Although we don't believe in timing the market or panicking over market movements, we do like to keep an eye on big changes -- just in case they're material to our investing thesis.

What: Shares of PAREXEL International Corp. (PRXL), a biopharmaceutical outsourcing services and consulting company, dipped as much as 18% after reporting its first-quarter earnings results last night after the closing bell.

So what: For the quarter, PAREXEL delivered nearly 14% revenue growth, to $529 million, with clinical research revenue still providing the bulk of its sales, at $332.6 million. Adjusted earnings of $0.45 also showed a marked increase (up 55%) from the previous year, meeting the Street's expectations. The reason PAREXEL is being creamed has to do with a major miss in new bookings, which totaled just $394 million versus expectations of more than $540 million. PAREXEL essentially left its fiscal 2014 guidance unchanged, calling for $1.95-$2.11 in EPS, and $1.89 billion to $1.92 billion in revenue.

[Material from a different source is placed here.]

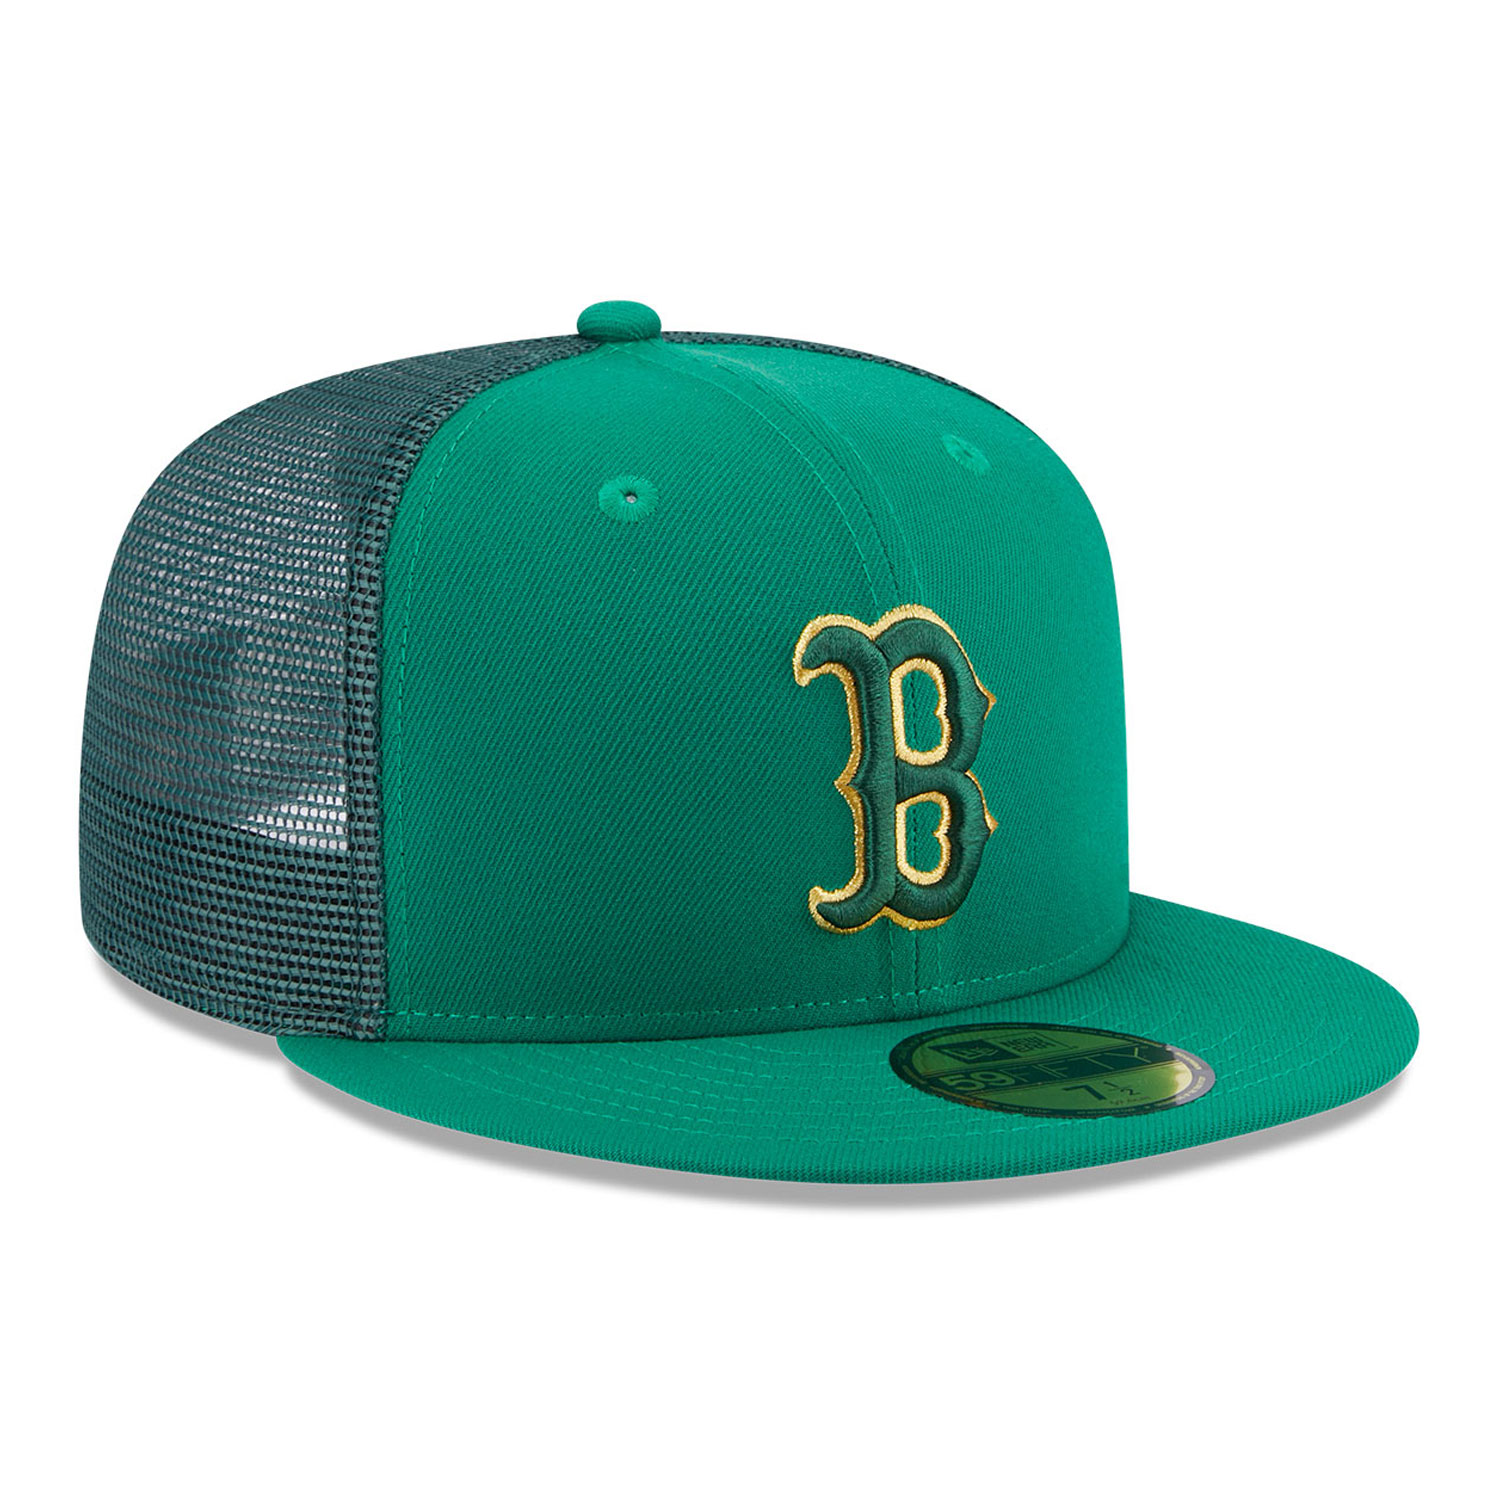 Official New Era MLB St Patricks Day Boston Red Sox 59FIFTY Fitted Cap  C2_372 C2_372
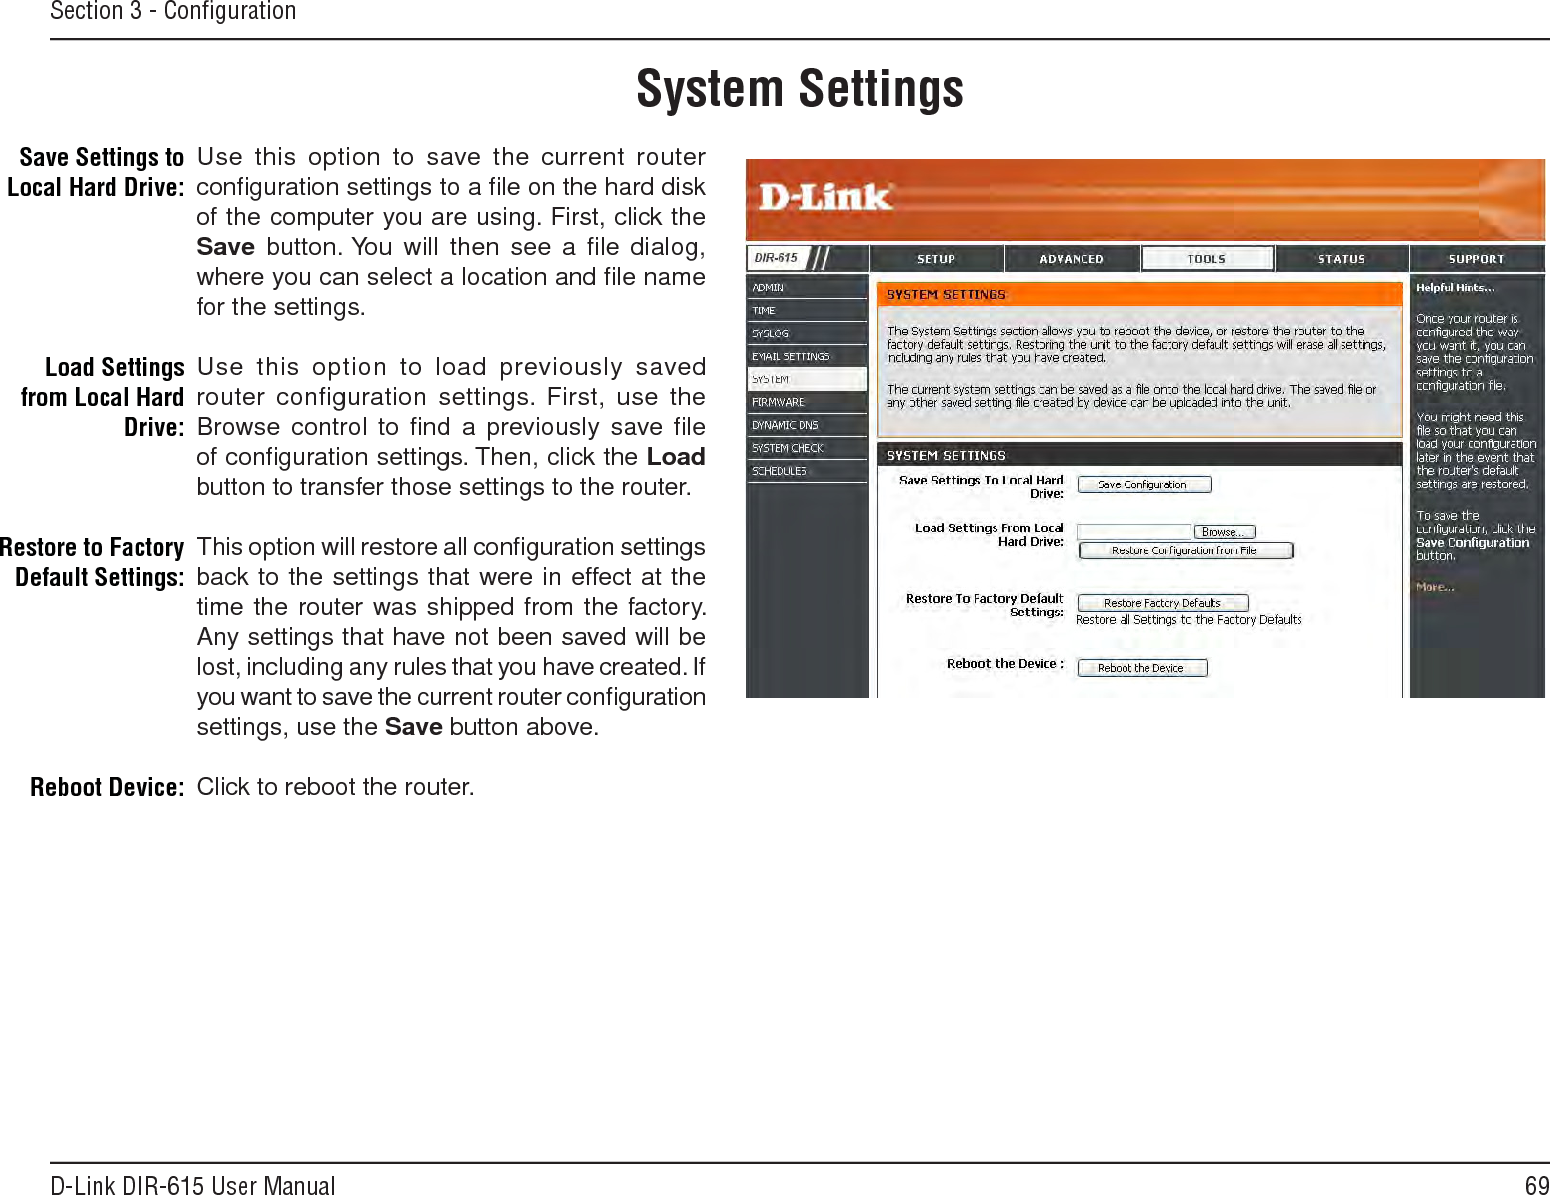 69D-Link DIR-615 User ManualSection 3 - ConﬁgurationUse this option to save the current router conﬁguration settings to a ﬁle on the hard disk of the computer you are using. First, click the Save button. You  will  then  see  a  ﬁle  dialog, where you can select a location and ﬁle name for the settings. Use this option to load previously saved router configuration settings.  First,  use  the Browse control to ﬁnd a previously save ﬁle of conﬁguration settings. Then, click the Load button to transfer those settings to the router. This option will restore all conﬁguration settings back to the settings that were in effect at the time the router was shipped from the factory. Any settings that have not been saved will be lost, including any rules that you have created. If you want to save the current router conﬁguration settings, use the Save button above. Click to reboot the router.Save Settings to Local Hard Drive:Load Settings from Local Hard Drive:Restore to Factory Default Settings:Reboot Device:System Settings

Now what: This is a company that, on paper, should be absolutely raking in profits. Clinical outsourcing is the perfect way for big pharmaceutical and medical device companies to save money and time, especially with Obamacare rapidly transforming the health-care landscape. However, we're also seeing that tighter government spending is going to be a serious problem for PAREXEL. New orders for the company have fallen in five straight quarters according to Investors Business Daily, and that probably has a lot to do with austerity measures being implemented in the U.S. and Europe. With research grant money that's used to run clinical trials getting harder to come by, PAREXEL may find its top-line growth rate slowing, especially in its clinical research operations, which could put a damper on any potential for a rebound anytime soon.